XGboost feature importance#

Let’s look at the feature importance of our model, first using XGBoost’s own model.feature_importances_ functionality. This measures the improvement in accuracy brought by a feature to the branches it is involved in. It is a measure of the contribution of a feature to the model.

df_features_importance = pd.DataFrame(
    {
        "feature": select_features(features, ["mc", "hmc"]),
        "importance": model.feature_importances_,
    }
)
df_features_importance.sort_values("importance", ascending=False).head(10)
feature importance
1 mean_mc_-500 0.514159
2 mean_mc_0 0.185997
6 mean_hmc_-500 0.091001
11 cpg_count_-500 0.070514
7 mean_hmc_0 0.028955
0 mean_mc_-1000 0.016587
10 cpg_count_-1000 0.014060
12 cpg_count_0 0.012972
5 mean_hmc_-1000 0.011019
8 mean_hmc_1000 0.010104
fig, ax = plt.subplots(figsize=(14, 6))
sns.barplot(
    x="feature", 
    y="importance", 
    data=df_features_importance.sort_values("importance", ascending=False),
    )
plt.xticks(rotation=60, ha="right")
plt.show()
_images/f3a4c9ebb9e1bf26c5771786c20992e98274fcfccb9de54d2187a6c5049b0df7.png

The region extending from 500 base pairs upstream to 500 base pairs downstream of the transcription start site (TSS) is the most significant contributor to predicting chromatin accessibility as measured by ATAC-seq.

Region importance#

Rather than assessing the importance of each feature individually, we aim to gain biological insights into which genomic regions contribute the most to the model’s performance (as measured by their R^2). To achieve this, we ran our regressor on each region separately and recorded their R^2 score.
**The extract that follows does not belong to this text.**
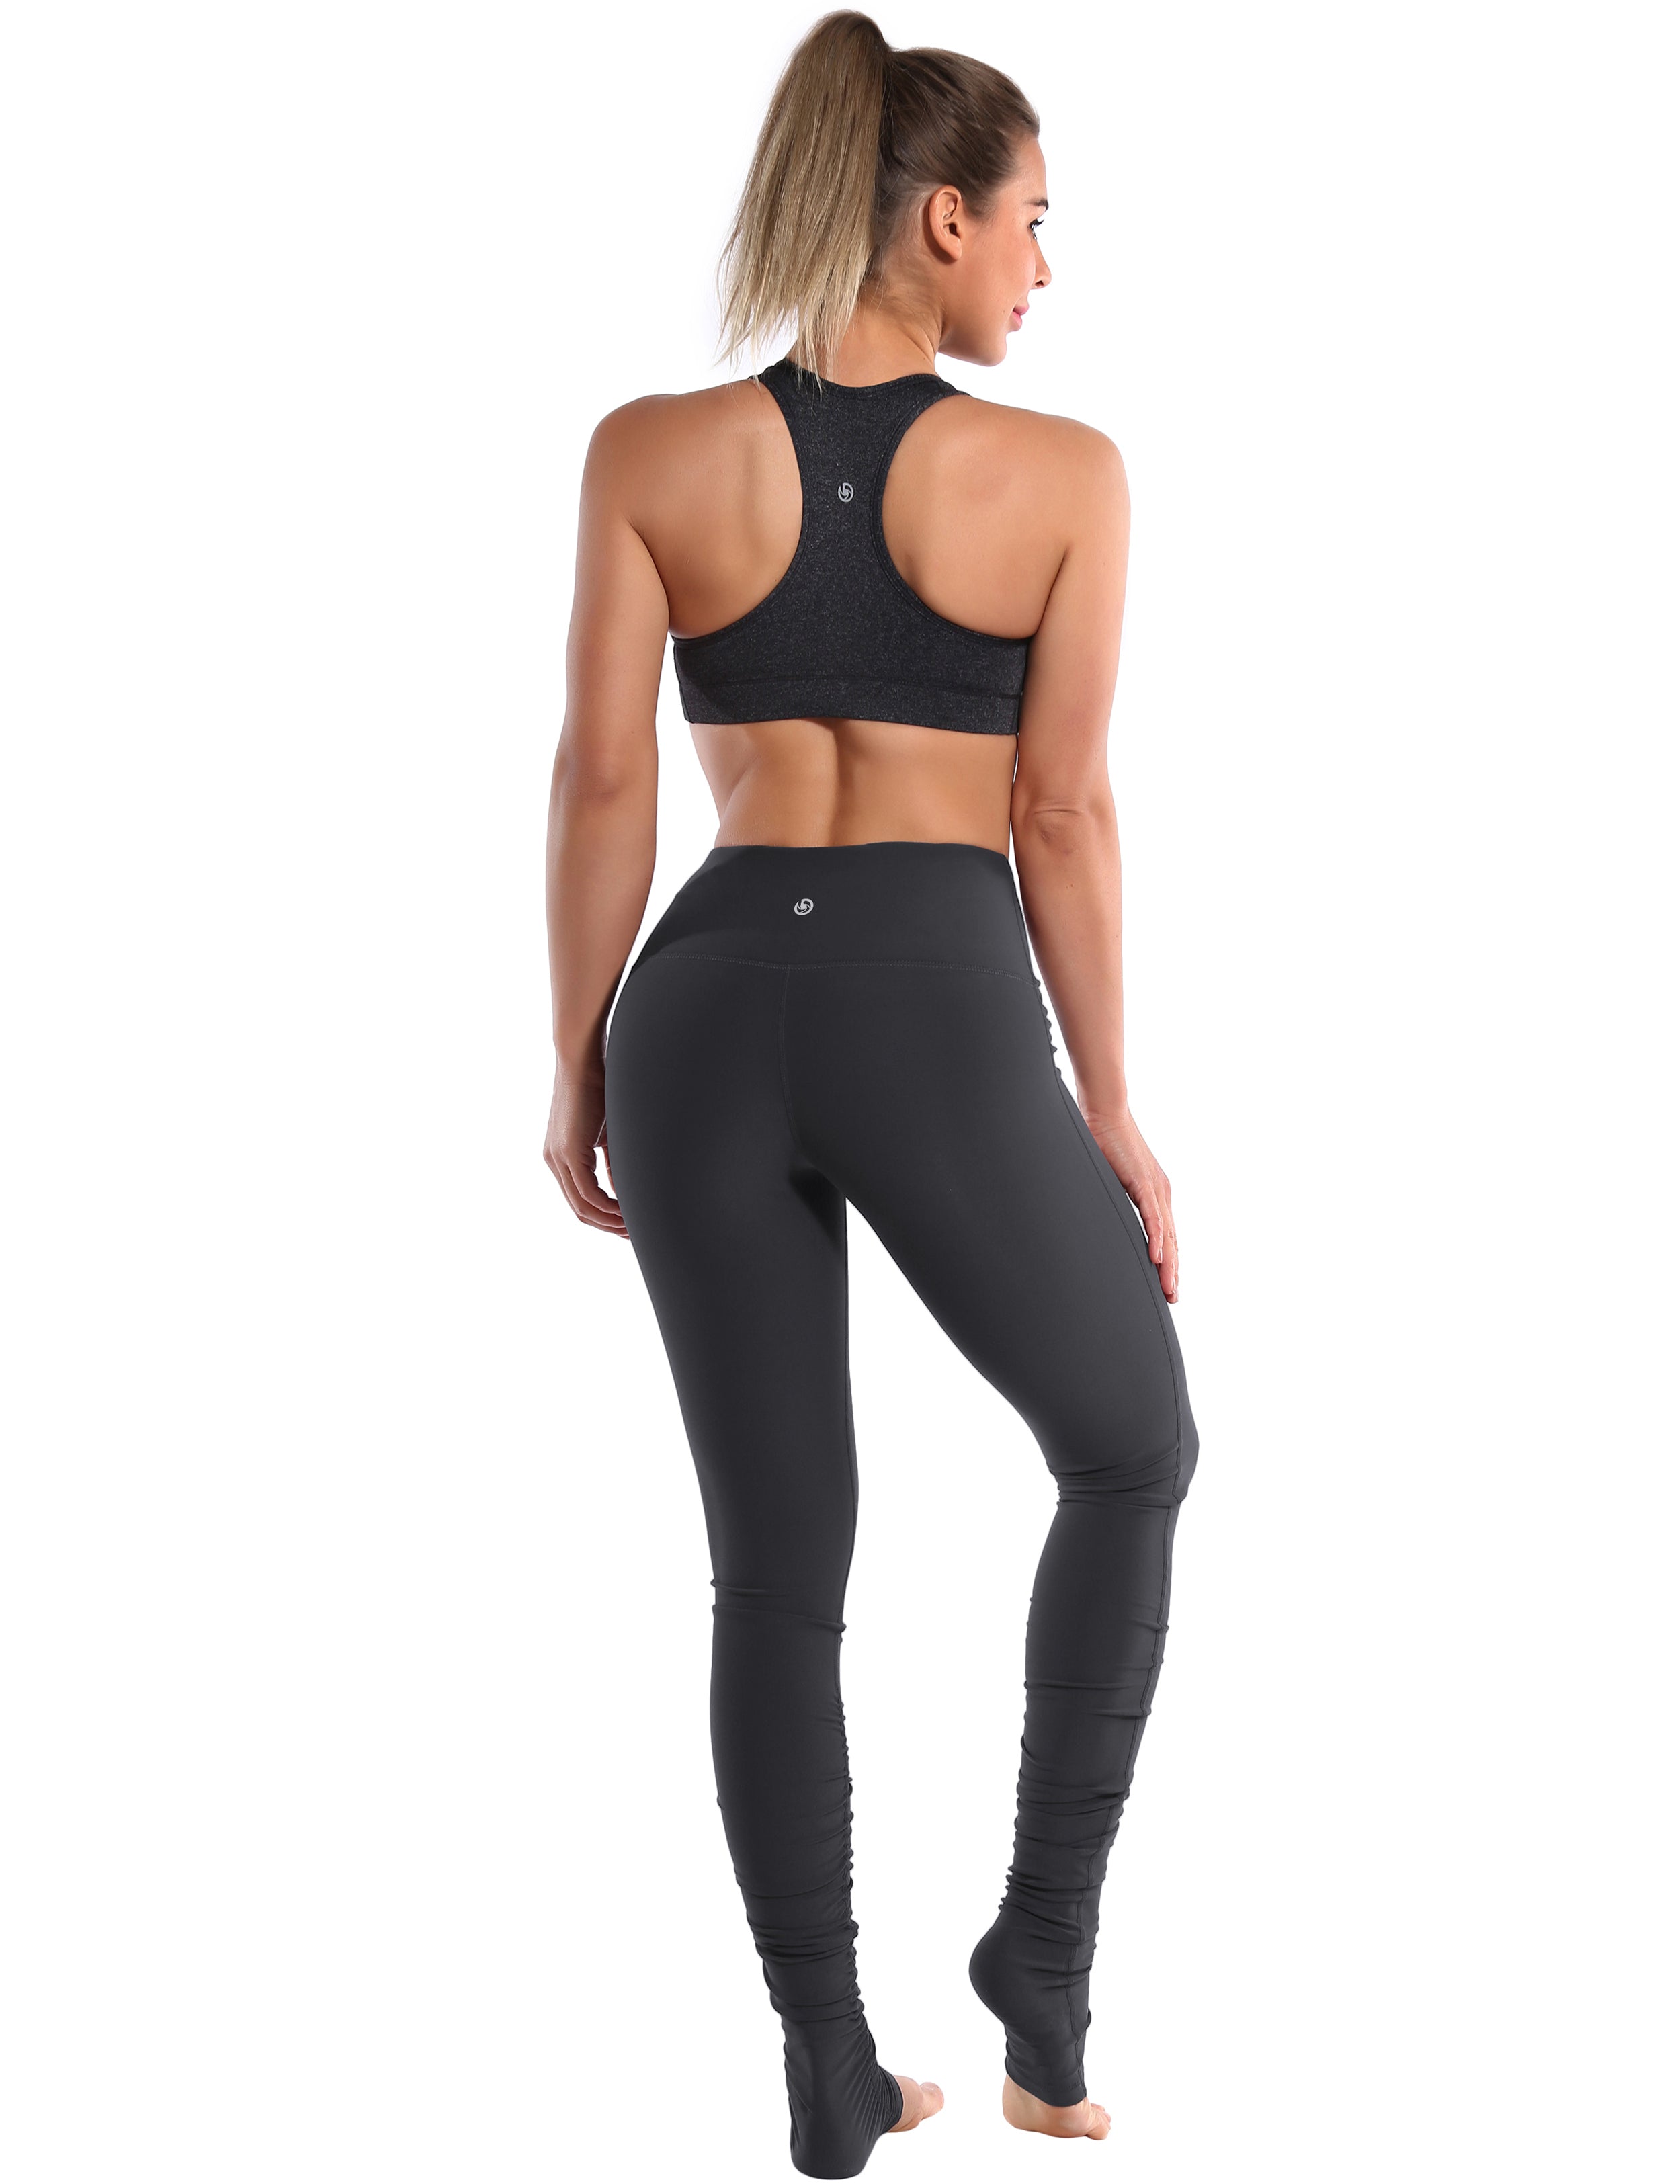 Over the Heel Biking Pants shadowcharcoal Over the Heel Design 87%Nylon/13%Spandex Fabric doesn't attract lint easily 4-way stretch No see-through Moisture-wicking Tummy control

This approach allows us to identify specific regions that have the greatest impact on chromatin accessibility, providing a clearer understanding of the underlying biological mechanisms and potentially highlighting key regulatory elements.

N_runs = 10
df_regressor = pd.DataFrame(columns=["mse", "rmse", "mae", "r2", "spearman", "Region"])
for region in [-1000, -500, 0, 500, 1000]:
    columns = [f"mean_mc_{region}", f"mean_hmc_{region}", f"cpg_count_{region}"]
    all_columns = columns + ["Response", "Chromosome"]
    df_one_region = df_features_atacseq[all_columns]
    for k in range(0, N_runs):
        _, df_metrics, _, _ = run_regressor(
            data=df_one_region,
            features=columns,
            mod=["mc", "hmc"],
            target="Response",
            hyperparameters=model_hyperparameters,
            random_state=k,
            test_contig=["8", "9", "10"],
            missing_values_strategy="impute_mean",
            find_optimal_parameters=False,
        )
        df_metrics["Region"] = region
        df_regressor = pd.concat([df_regressor, df_metrics], ignore_index=True)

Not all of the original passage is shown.